A Honda, por sua vez, destaca que sua decisão de se comprometer com o futuro da F1 vem após um aumento das preocupações relativas à sustentabilidade na elite global do esporte a motor. Além de a categoria máxima do automobilismo prometer zerar as emissões de carbono até 2030, ela adotará combustíveis totalmente sustentáveis a partir de 2026, quando as novas unidades de potência também serão impulsionadas por uma proporção maior de energia elétrica.

Toshihiro Mibe, CEO global da Honda, disse: “Uma das principais razões para nossa decisão de aceitar o novo desafio na F1 é que o campeonato de corridas mais importante do mundo está se esforçando para se tornar sustentável, o que está alinhado com a direção da Honda, objetivando neutralidade de carbono para se tornar uma plataforma que facilitará o desenvolvimento de nossas tecnologias de eletrificação".

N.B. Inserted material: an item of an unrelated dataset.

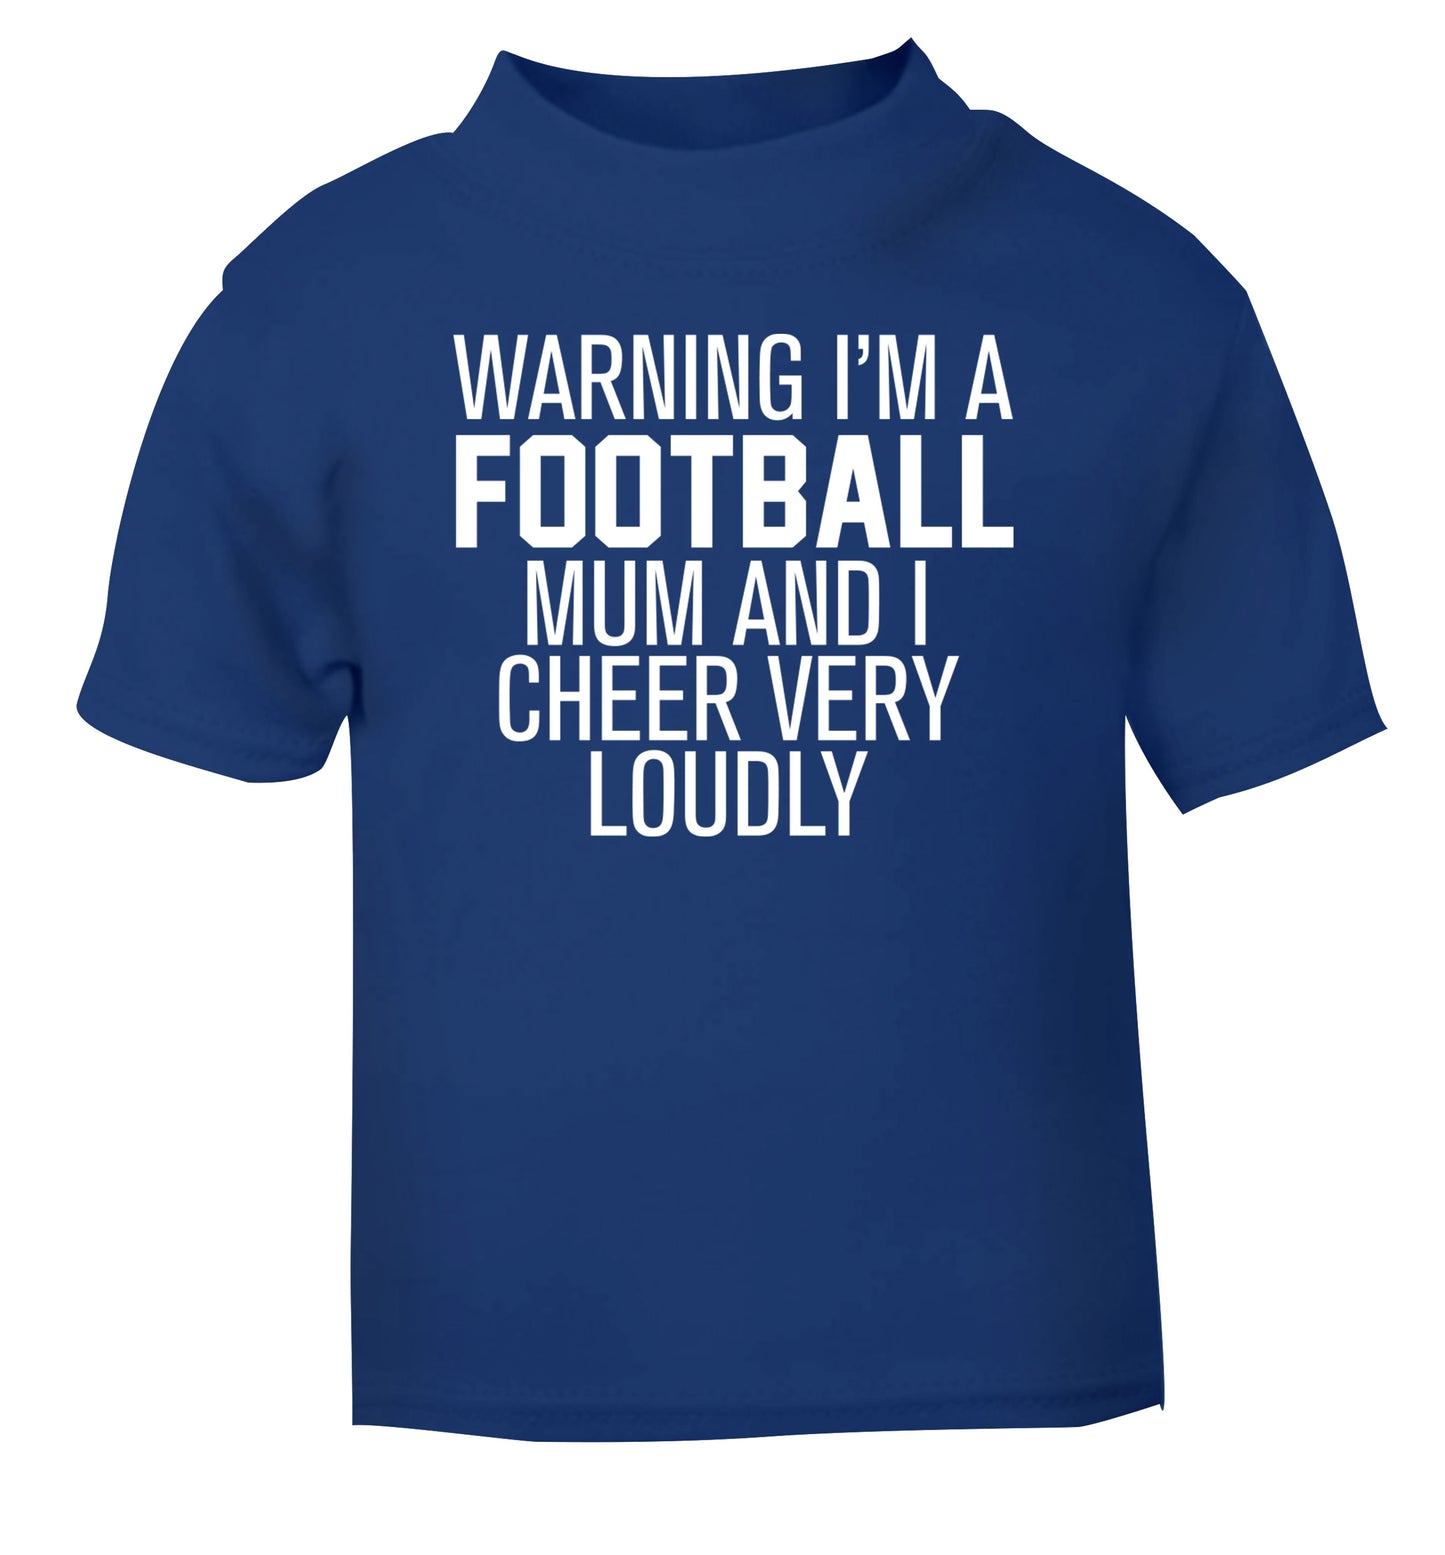 Warning I'm a football mum and I cheer very loudly blue Baby Toddler Tshirt 2 Years

“Cremos que as tecnologias e o know-how adquiridos com este novo desafio podem potencialmente ser aplicados diretamente em nossos futuros veículos elétricos de produção em massa, gerando um modelo esportivo elétrico e tecnologias de eletrificação em várias áreas", completou o CEO.

Tendo conquistado títulos com Red Bull e Verstappen em 2021 e 2022, além de liderar 2023 com Max e sua equipe, a Honda deixa claro que está embarcando na parceria com a Aston para buscar mais taças, conforme destacou o presidente da Honda Racing Corporation, Koji Watanabe.

“Eles estão atualmente trabalhando em várias medidas para fortalecer a equipe e lutar pelos títulos nos campeonatos de F1. Então, como eles deram notas altas à nossa tecnologia de unidade de potência da F1 e pudemos nos relacionar com sua atitude sincera e também forte paixão por vencer, decidimos trabalhar juntos e lutar pelos títulos dos campeonatos como Aston Martin-Honda”, completou Watanabe.